■ **Task instructions**
Write out the data below exactly, from its first line to the line containing "Érsekvadkert - Szent", that line included.

■ **Recorded data**
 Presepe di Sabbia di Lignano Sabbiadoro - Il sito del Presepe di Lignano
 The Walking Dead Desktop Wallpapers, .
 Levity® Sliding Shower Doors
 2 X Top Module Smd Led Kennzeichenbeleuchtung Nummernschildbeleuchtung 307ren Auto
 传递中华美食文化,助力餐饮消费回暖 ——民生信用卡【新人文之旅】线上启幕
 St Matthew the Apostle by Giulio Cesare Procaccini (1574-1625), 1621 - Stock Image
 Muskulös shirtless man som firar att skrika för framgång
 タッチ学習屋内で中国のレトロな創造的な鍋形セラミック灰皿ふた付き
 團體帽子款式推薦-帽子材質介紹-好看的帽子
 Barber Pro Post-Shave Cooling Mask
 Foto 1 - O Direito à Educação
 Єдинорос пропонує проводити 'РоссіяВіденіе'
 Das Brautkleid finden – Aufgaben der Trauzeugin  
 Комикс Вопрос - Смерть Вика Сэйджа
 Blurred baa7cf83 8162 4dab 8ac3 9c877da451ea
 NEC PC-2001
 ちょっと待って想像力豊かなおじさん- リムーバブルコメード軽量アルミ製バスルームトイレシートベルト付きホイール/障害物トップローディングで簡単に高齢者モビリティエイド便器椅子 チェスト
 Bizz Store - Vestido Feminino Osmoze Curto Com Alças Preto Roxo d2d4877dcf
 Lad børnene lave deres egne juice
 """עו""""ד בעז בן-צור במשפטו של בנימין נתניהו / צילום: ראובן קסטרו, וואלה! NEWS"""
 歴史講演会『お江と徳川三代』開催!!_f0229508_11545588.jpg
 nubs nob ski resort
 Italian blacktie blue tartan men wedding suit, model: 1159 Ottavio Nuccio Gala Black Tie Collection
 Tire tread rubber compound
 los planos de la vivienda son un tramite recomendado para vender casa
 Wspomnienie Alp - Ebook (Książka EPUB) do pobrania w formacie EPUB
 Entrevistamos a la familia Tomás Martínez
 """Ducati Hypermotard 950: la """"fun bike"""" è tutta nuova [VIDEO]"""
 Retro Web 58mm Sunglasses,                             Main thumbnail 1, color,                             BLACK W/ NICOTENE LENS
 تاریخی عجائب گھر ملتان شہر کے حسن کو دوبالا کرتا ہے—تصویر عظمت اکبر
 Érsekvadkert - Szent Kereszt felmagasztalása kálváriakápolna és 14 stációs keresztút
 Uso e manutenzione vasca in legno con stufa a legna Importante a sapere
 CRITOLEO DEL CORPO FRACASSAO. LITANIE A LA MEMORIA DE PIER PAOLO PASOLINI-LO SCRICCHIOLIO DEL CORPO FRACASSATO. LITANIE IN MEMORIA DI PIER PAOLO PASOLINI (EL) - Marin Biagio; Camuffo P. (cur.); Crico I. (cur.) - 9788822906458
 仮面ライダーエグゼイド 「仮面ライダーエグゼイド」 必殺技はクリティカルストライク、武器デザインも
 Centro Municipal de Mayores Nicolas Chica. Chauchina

■ **Response for this exercise**
 Presepe di Sabbia di Lignano Sabbiadoro - Il sito del Presepe di Lignano
 The Walking Dead Desktop Wallpapers, .
 Levity® Sliding Shower Doors
 2 X Top Module Smd Led Kennzeichenbeleuchtung Nummernschildbeleuchtung 307ren Auto
 传递中华美食文化,助力餐饮消费回暖 ——民生信用卡【新人文之旅】线上启幕
 St Matthew the Apostle by Giulio Cesare Procaccini (1574-1625), 1621 - Stock Image
 Muskulös shirtless man som firar att skrika för framgång
 タッチ学習屋内で中国のレトロな創造的な鍋形セラミック灰皿ふた付き
 團體帽子款式推薦-帽子材質介紹-好看的帽子
 Barber Pro Post-Shave Cooling Mask
 Foto 1 - O Direito à Educação
 Єдинорос пропонує проводити 'РоссіяВіденіе'
 Das Brautkleid finden – Aufgaben der Trauzeugin  
 Комикс Вопрос - Смерть Вика Сэйджа
 Blurred baa7cf83 8162 4dab 8ac3 9c877da451ea
 NEC PC-2001
 ちょっと待って想像力豊かなおじさん- リムーバブルコメード軽量アルミ製バスルームトイレシートベルト付きホイール/障害物トップローディングで簡単に高齢者モビリティエイド便器椅子 チェスト
 Bizz Store - Vestido Feminino Osmoze Curto Com Alças Preto Roxo d2d4877dcf
 Lad børnene lave deres egne juice
 """עו""""ד בעז בן-צור במשפטו של בנימין נתניהו / צילום: ראובן קסטרו, וואלה! NEWS"""
 歴史講演会『お江と徳川三代』開催!!_f0229508_11545588.jpg
 nubs nob ski resort
 Italian blacktie blue tartan men wedding suit, model: 1159 Ottavio Nuccio Gala Black Tie Collection
 Tire tread rubber compound
 los planos de la vivienda son un tramite recomendado para vender casa
 Wspomnienie Alp - Ebook (Książka EPUB) do pobrania w formacie EPUB
 Entrevistamos a la familia Tomás Martínez
 """Ducati Hypermotard 950: la """"fun bike"""" è tutta nuova [VIDEO]"""
 Retro Web 58mm Sunglasses,                             Main thumbnail 1, color,                             BLACK W/ NICOTENE LENS
 تاریخی عجائب گھر ملتان شہر کے حسن کو دوبالا کرتا ہے—تصویر عظمت اکبر
 Érsekvadkert - Szent Kereszt felmagasztalása kálváriakápolna és 14 stációs keresztút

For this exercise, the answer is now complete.